简体繁体 English

帮助使用FFT确定音频样本的频率

[英]Help with using FFT to determine frequency of an audio sample

原文 2010-12-20 14:42:29 0 2 java/ signal-processing/ apache-commons/ fft/ frequency-analysis

I'm currently developing a percussion tutorial program. 我目前正在开发打击乐教程程序。 The program requires that I can determine what drum is being played, to do this I was going to analyse the frequency of the drum recording and see if the frequency is within a given range. 该程序要求我可以确定正在播放的鼓，为此，我将分析鼓录制的频率，并查看该频率是否在给定范围内。

I have been using the Apache math commons implementation for FFT so far (http://commons.apache.org/math/) but my question is, once I preform the FFT, how do I use the array of results to calculate the frequencies contained in the signal? 到目前为止，我一直在使用Apache数学通用实现进行FFT（http://commons.apache.org/math/），但是我的问题是，一旦执行FFT，如何使用结果数组来计算频率包含在信号中？

Note: I have also tried experimenting with using Autocorrelation, but it didn't seem to work to well with sample from a drum kit 注意：我也尝试过尝试使用自相关，但似乎无法很好地处理鼓组中的样品

Any help or alternative suggestions of how to determine what drum is being hit would be greatly appreciated 对于如何确定击打哪个鼓的任何帮助或替代建议，将不胜感激

Edit: Since writing this I've found a great online lesson on implementing FFT in java for Time/ frequency transformations Spectrum Analysis in Java 编辑：自编写此书以来，我发现了一个很棒的在线课程，内容涉及在Java中实现FFT以便进行时间/频率转换的Java频谱分析

2 个解决方案

In the area of music information retrieval, people often use a related metric known as the mel-frequency cepstral coefficients (MFCCs). 在音乐信息检索领域，人们经常使用一种相关的度量标准，即梅尔频率倒谱系数 （MFCC）。

For any N-sample segment of your signal, take the FFT. 对于信号的任何N个样本段，请进行FFT。 Those resulting N samples are transformed into a set of MFCCs containing, say, 12 elements (ie, coefficients). 将那些得到的N个样本转换为一组包含12个元素（即系数）的MFCC。 This 12-element vector is used to classify the instrument, including which drum is used. 该12元素向量用于对乐器进行分类，包括使用哪个鼓。

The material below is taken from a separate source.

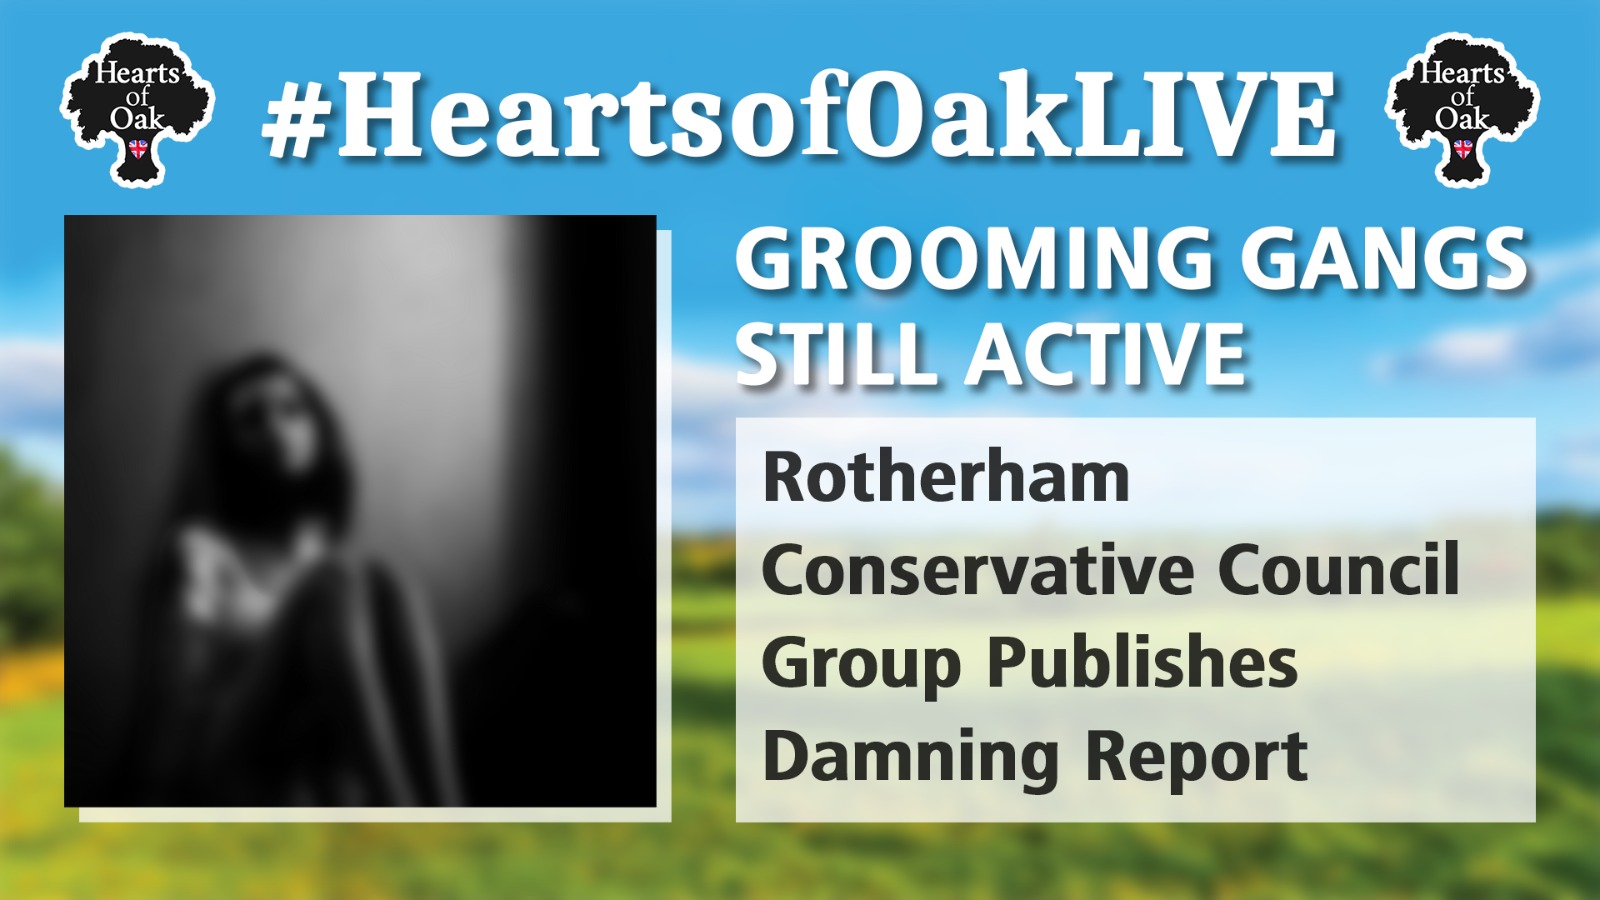 Grooming Gangs Still Active: Rotherham Conservative Council Group Publishes Grooming Report

To do supervised classification, you can use something like a support vector machine (SVM). 要进行监督分类，您可以使用诸如支持向量机 （SVM）之类的东西。 LIBSVM is a commonly used library that has Java compatibility (and many other languages). LIBSVM是具有Java兼容性（和许多其他语言）的常用库。 You train the SVM with these MFCCs and their corresponding instrument labels. 您可以使用这些MFCC及其相应的仪器标签来训练SVM。 Then, you test it by feeding a query MFCC vector, and it will tell you which instrument it is. 然后，您通过提供查询MFCC向量来对其进行测试，它将告诉您它是哪种仪器。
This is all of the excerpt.